Supplied data Block Start

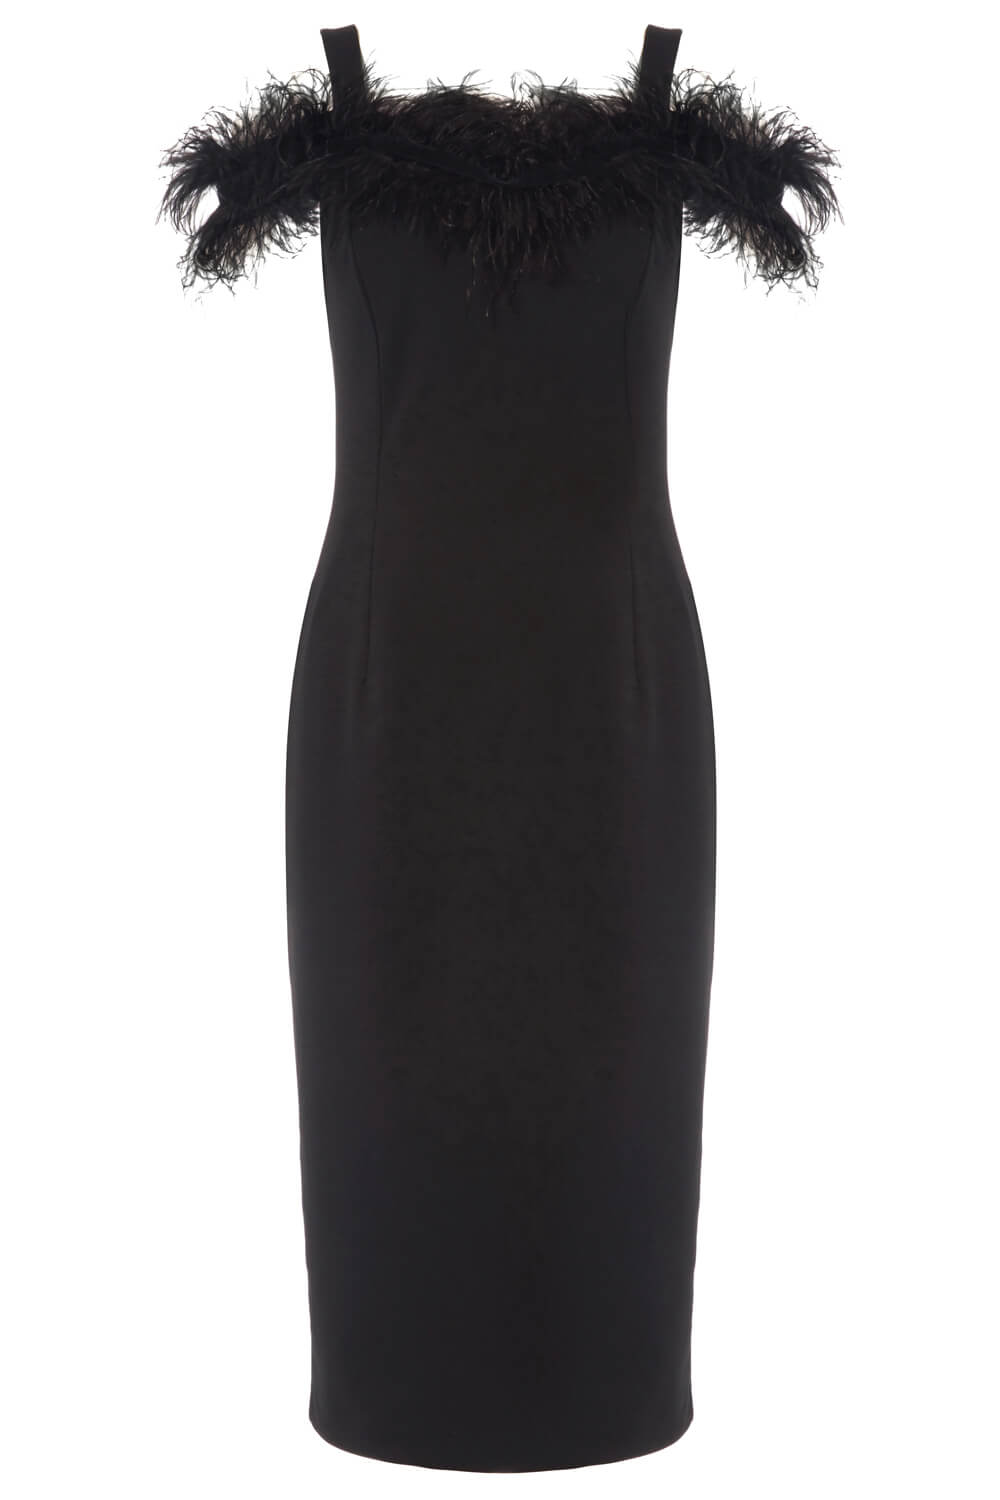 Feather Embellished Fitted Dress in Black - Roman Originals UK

Supplied data Block End
Supplied data Block Start

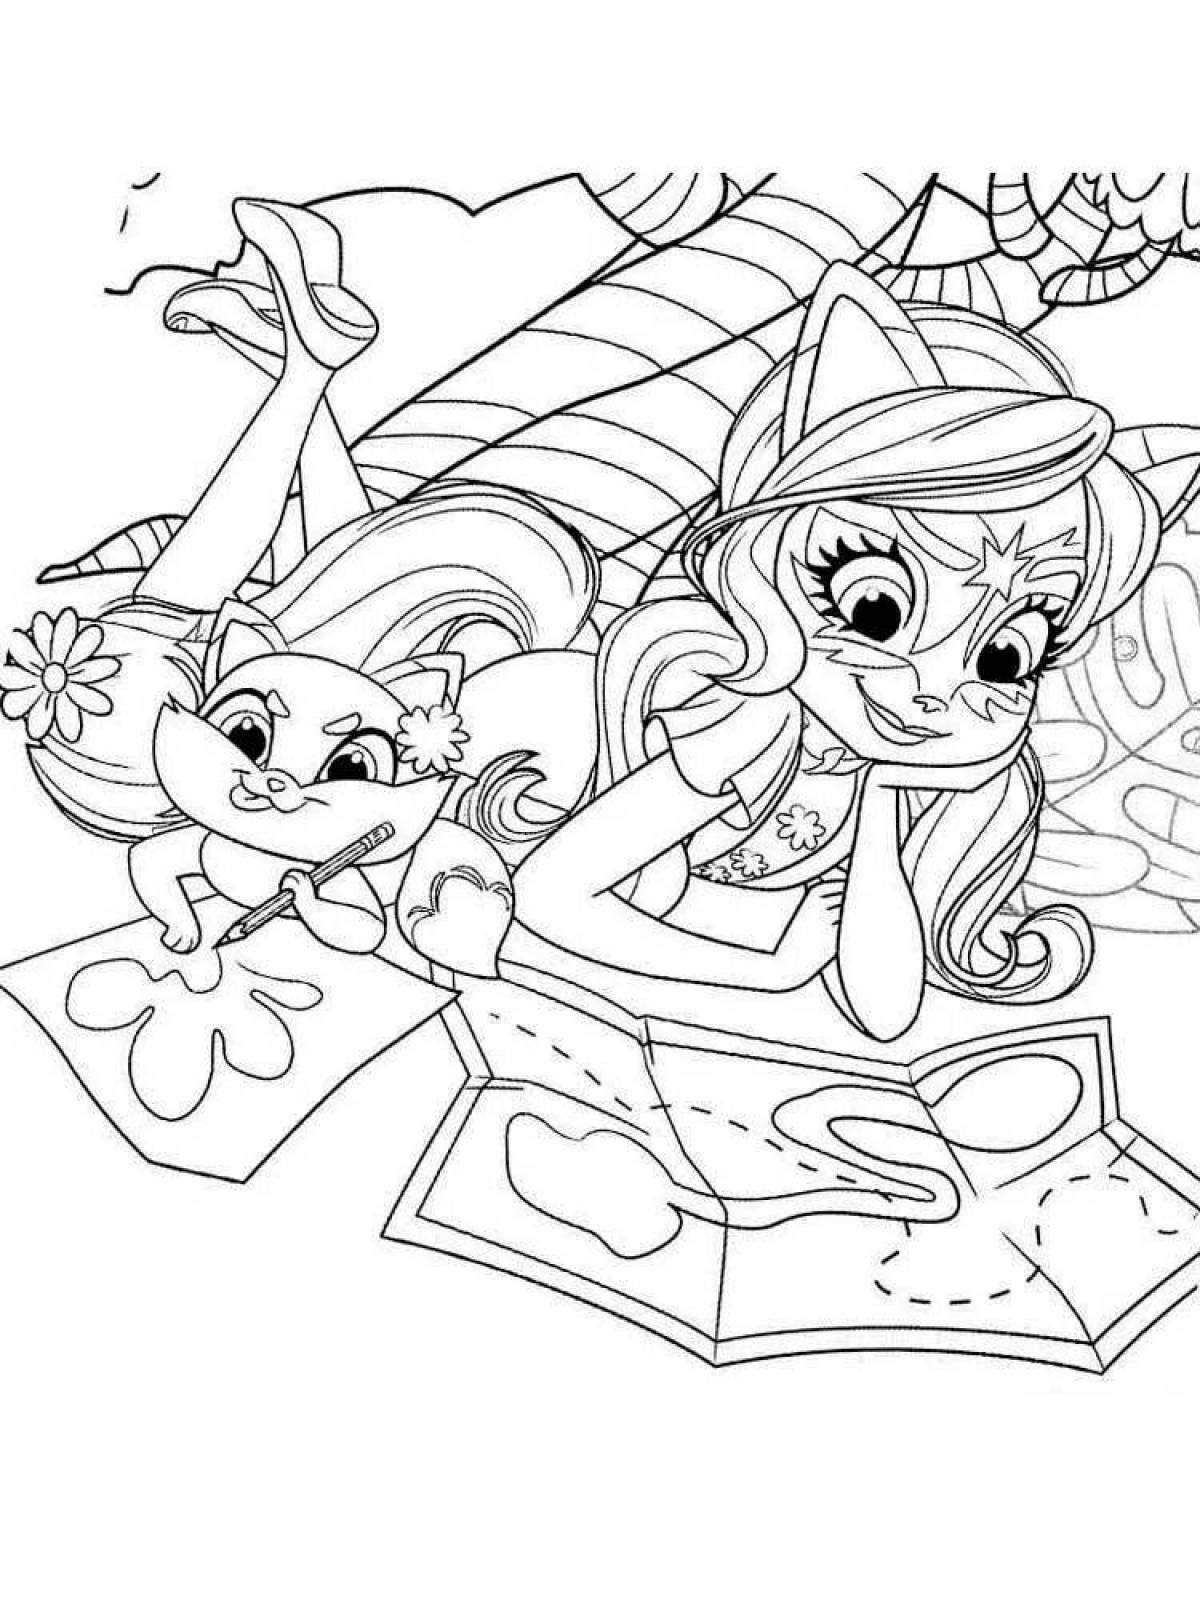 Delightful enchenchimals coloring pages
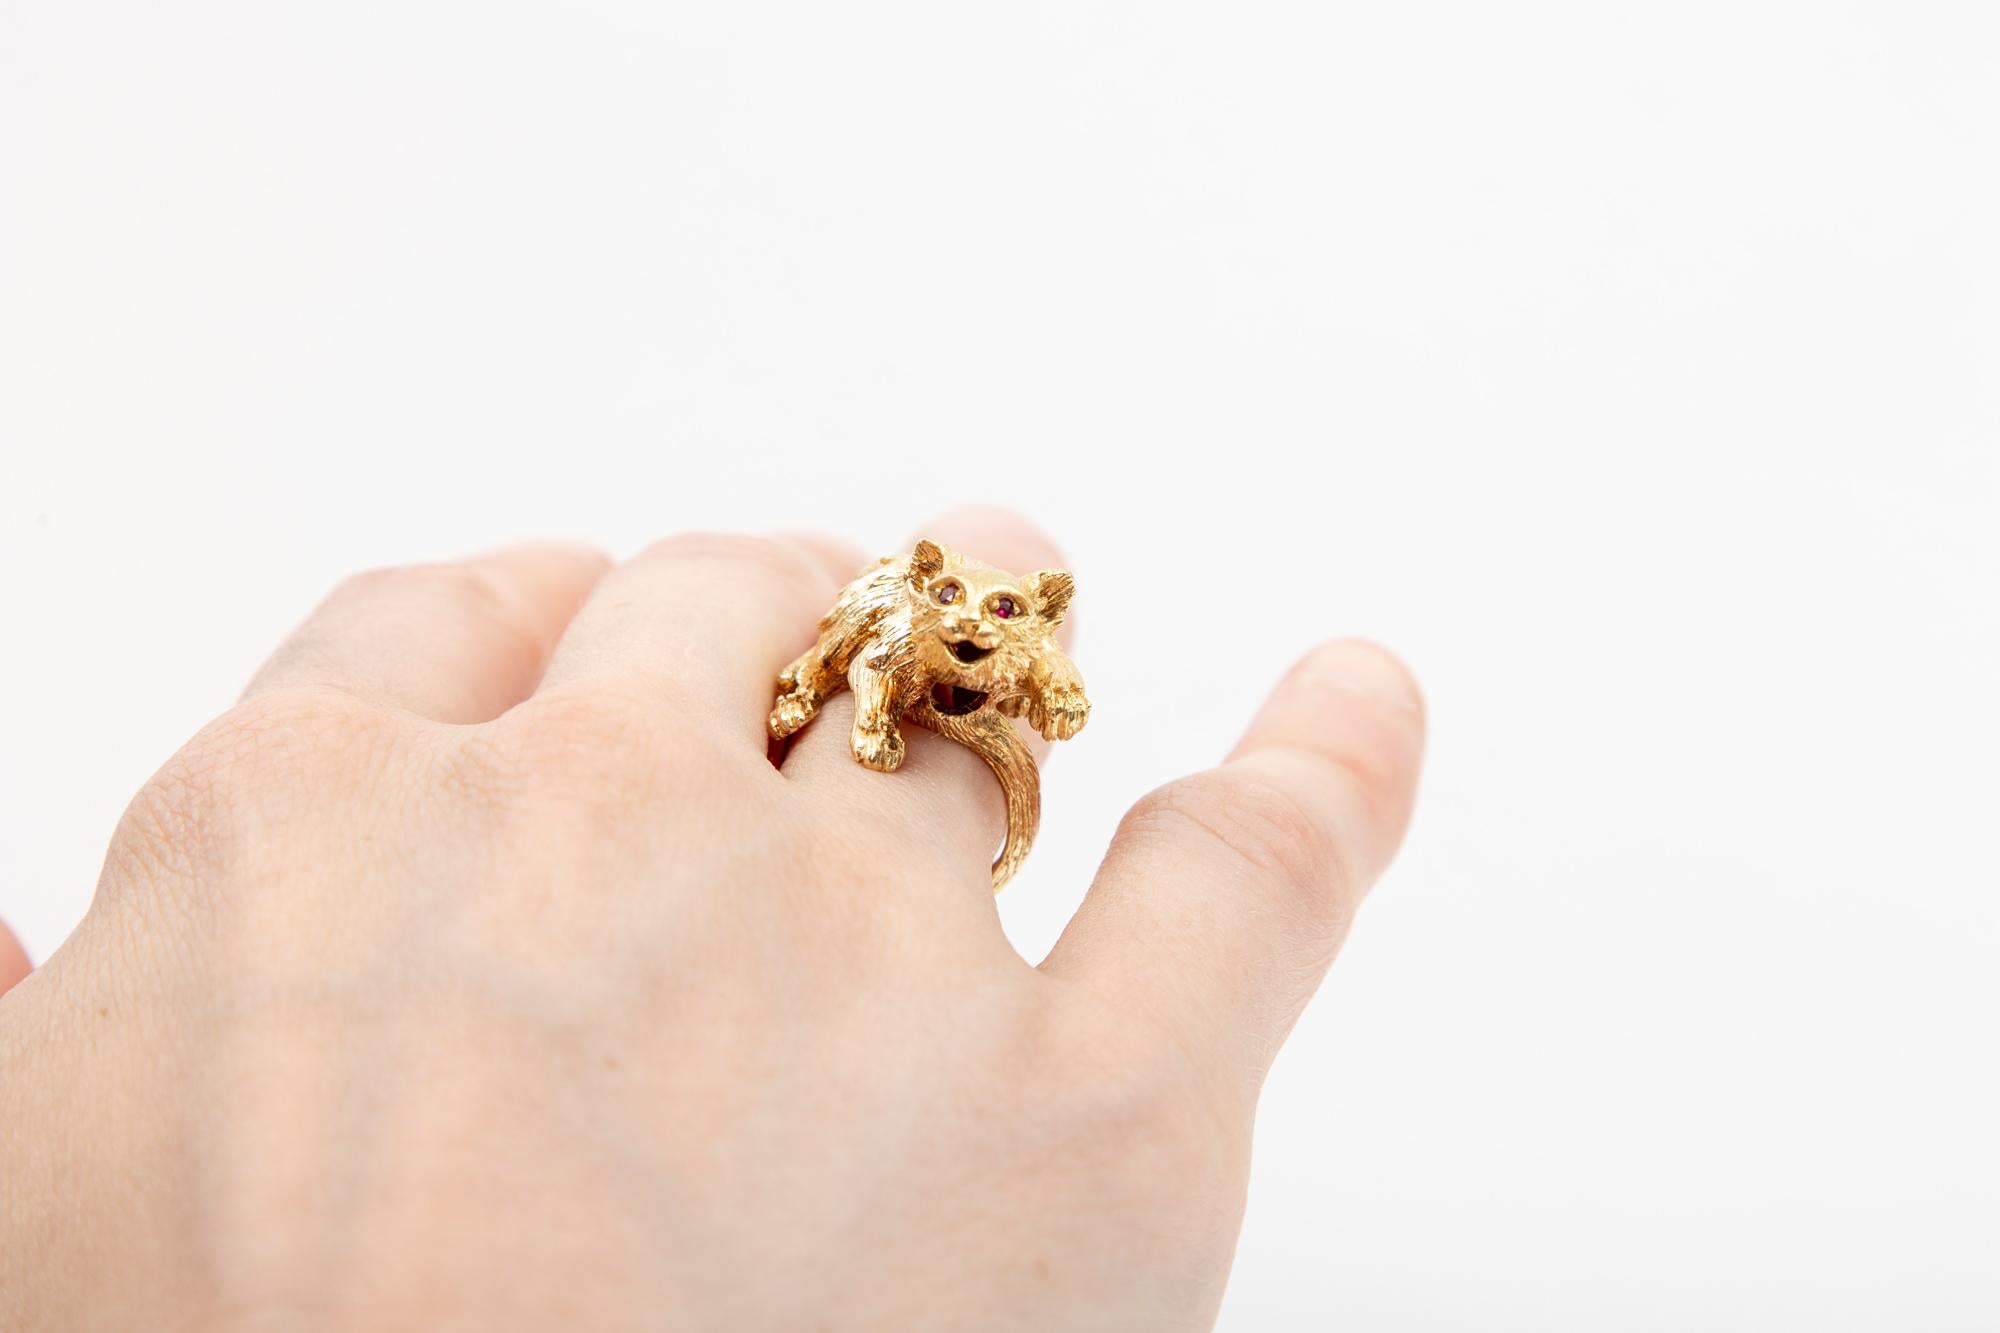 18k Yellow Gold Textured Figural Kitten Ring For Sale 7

Supplied data Block End
Supplied data Block Start

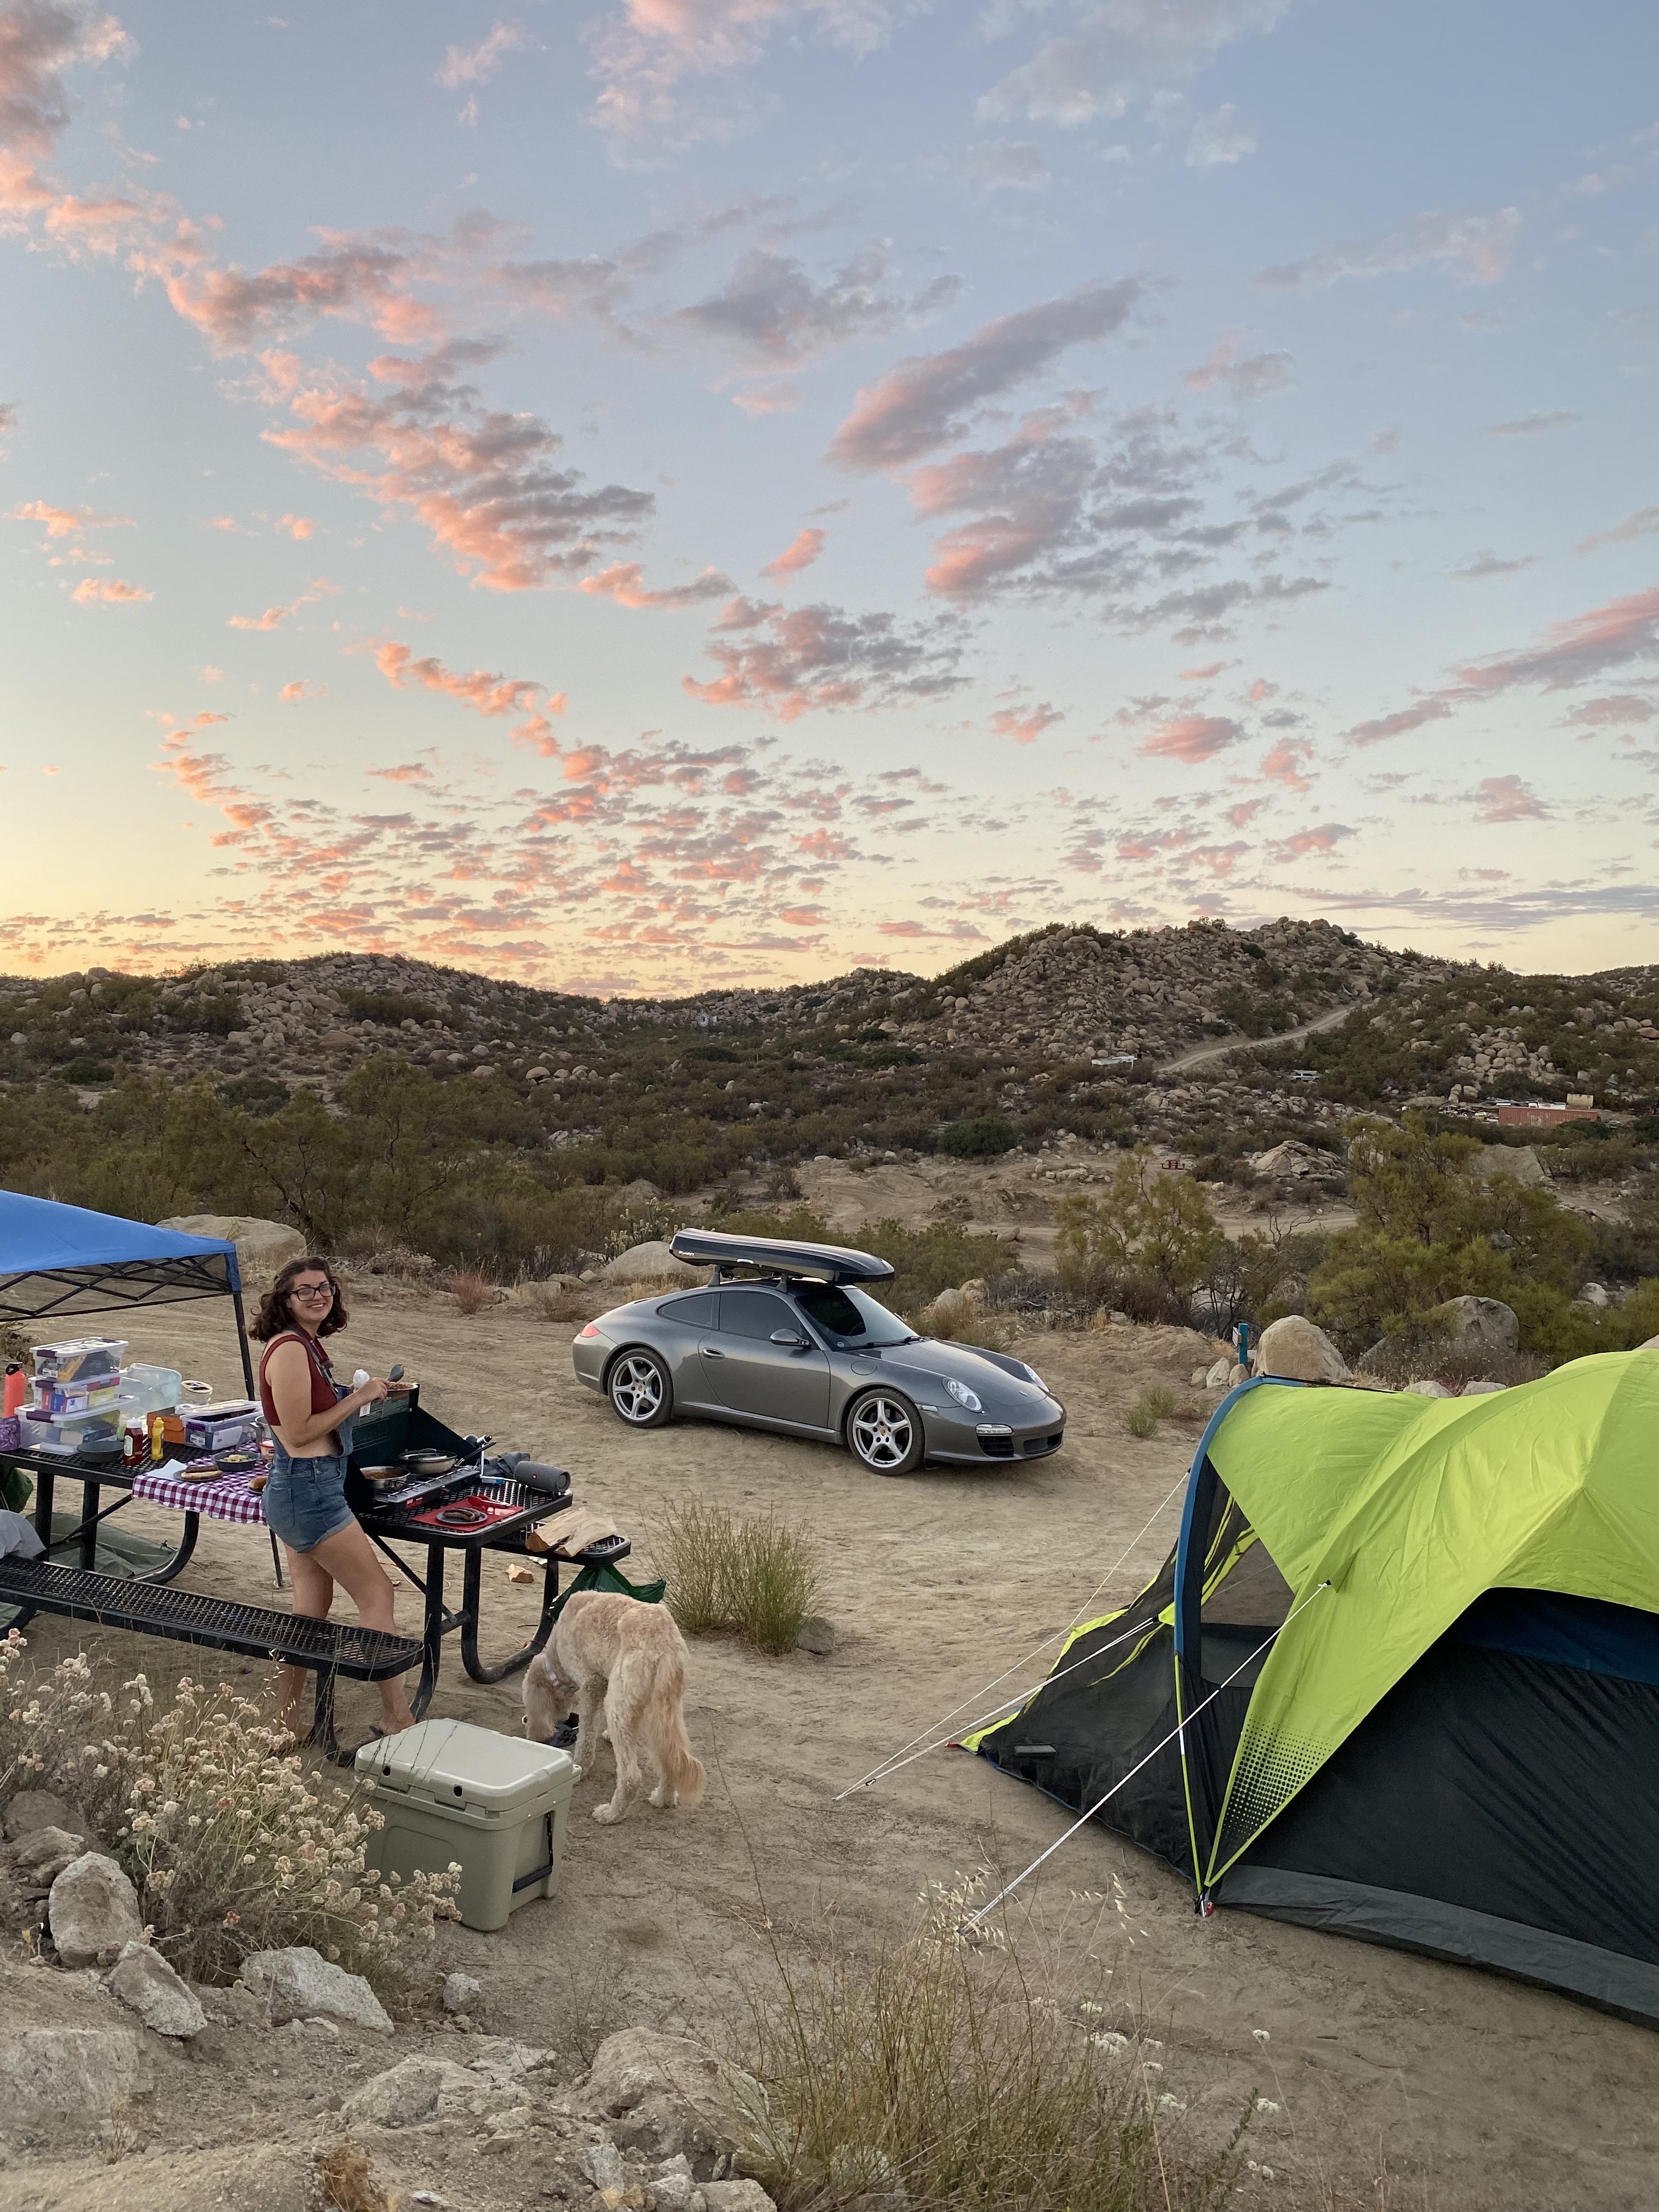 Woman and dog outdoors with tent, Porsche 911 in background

Supplied data Block End

__Task objective__
Only the lines above from the one with "Delightful enchenchimals coloring pages" to the one with "18k Yellow Gold" should be printed, both included and exactly as written; no picture belongs in the copy.

__Exercise answer__
 Delightful enchenchimals coloring pages
 18k Yellow Gold Textured Figural Kitten Ring For Sale 7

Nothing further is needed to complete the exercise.